Giovanni Battista Cassevari
Giovanni Battista Cassevari (4 March 1789 – 11 June 1876) was an Italian painter in the neoclassical style.
Biography
He was born in Genoa, but his family moved to Livorno then Florence. As a boy, he attended the Academy of Fine Arts in Florence and studied under Pietro Benvenuti. After having taken part in the wars of 1813-14 under the Napoleonic armies. being present at the battle at Paris, he returned to Turin and Genoa, and in 1824 went to Florence and Rome.
He gained acclaim as an excellent painter of miniature portraits. In Rome, he befriended leaders of the Neoclassical trends: Camuccini, Thordwalsen, Tenerani, d'Azeglio, Monti, Bassi, and Missirini.

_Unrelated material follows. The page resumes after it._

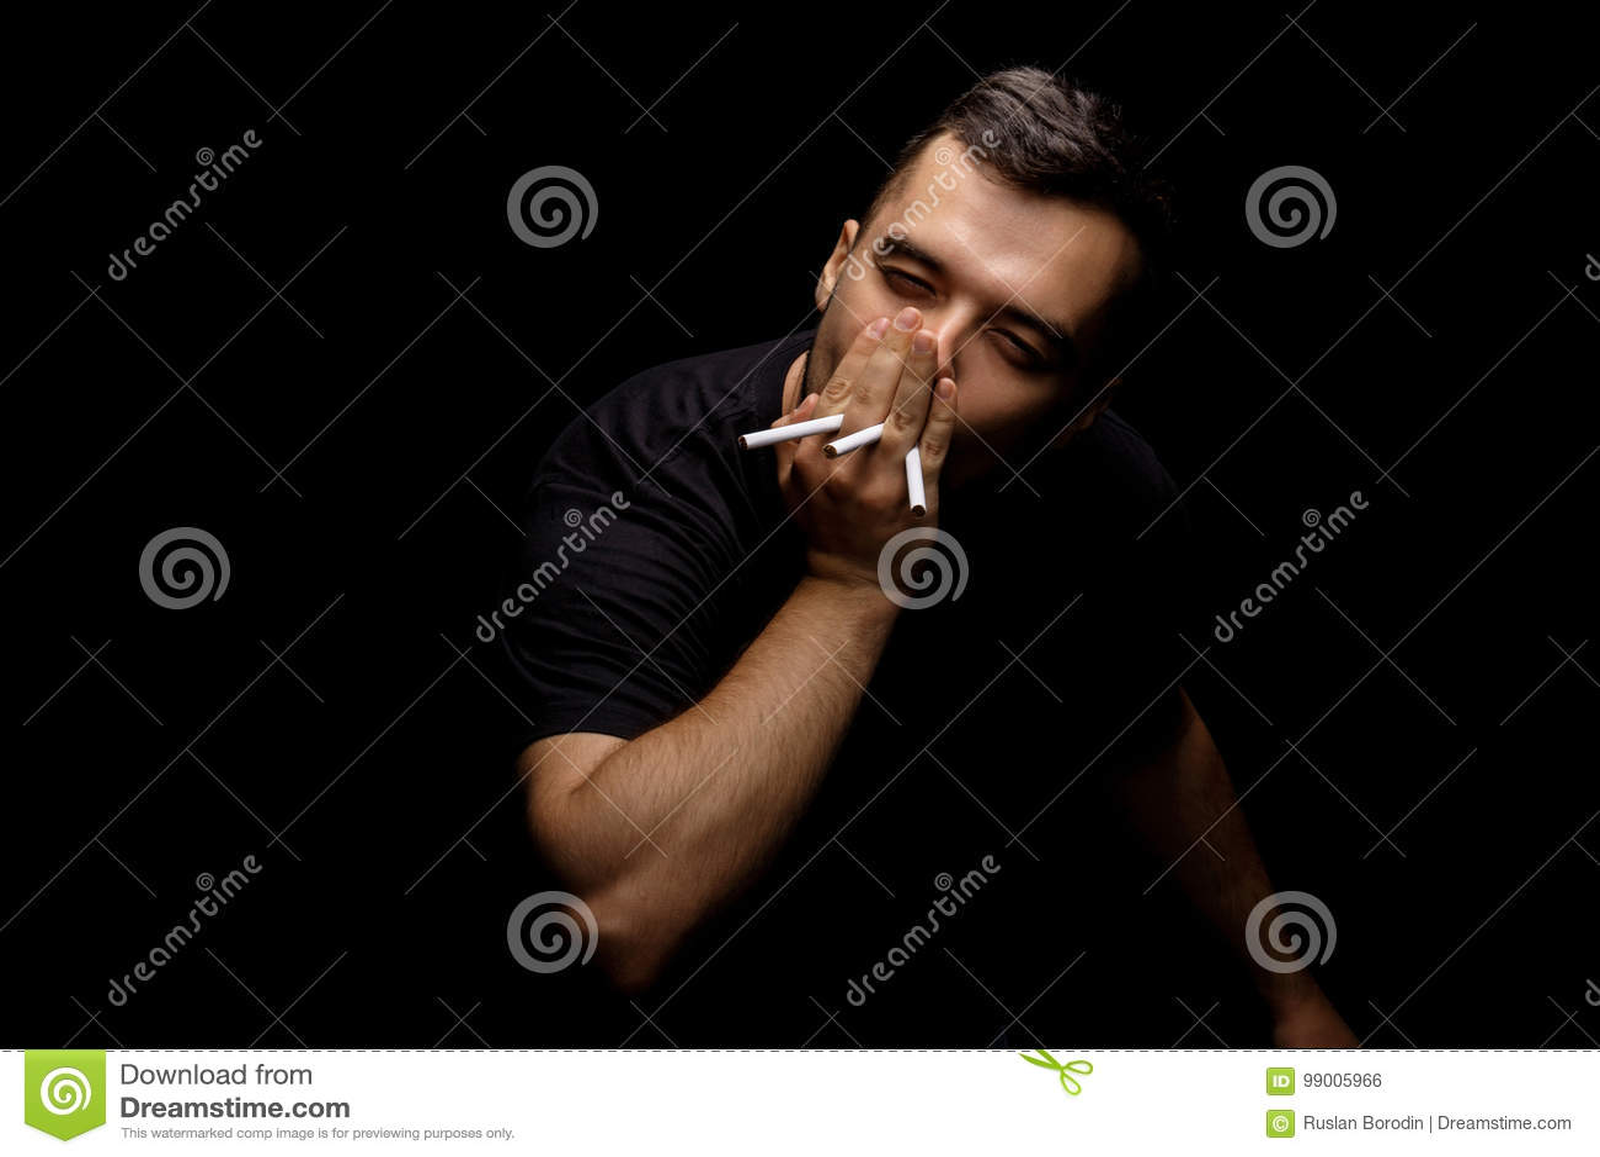 снимки толстый мужик с сигаретой фото мастер-класс подойдет

Returning to Florence, he was patronized by English travelers to the city. The portraits in oil afterwards executed by him there and later in England are painted in the style of the Italian and Dutch masters. Richard Buckner and Crispini (painter) were among his pupils. His son Raffaele Cassevari was a prominent engineer and architect.[1]
Cassevari painted a Madonna and Child for the church at Frosini. An engraving depicting Maria Teresa, Queen of Sardinia, is found in the Royal Collections of England.[2]
References
- ↑ Il Buonarroti, by Benvenuto Gasparoni and Enrico Narducci, short biography, page 369-373.
- ↑ Royal Collections.
- Bryan, Michael (1886). Robert Edmund Graves, ed. Dictionary of Painters and Engravers, Biographical and Critical (Volume I: A-K). York St. #4, Covent Garden, London; Original from Fogg Library, Digitized May 18, 2007: George Bell and Sons. p. 247.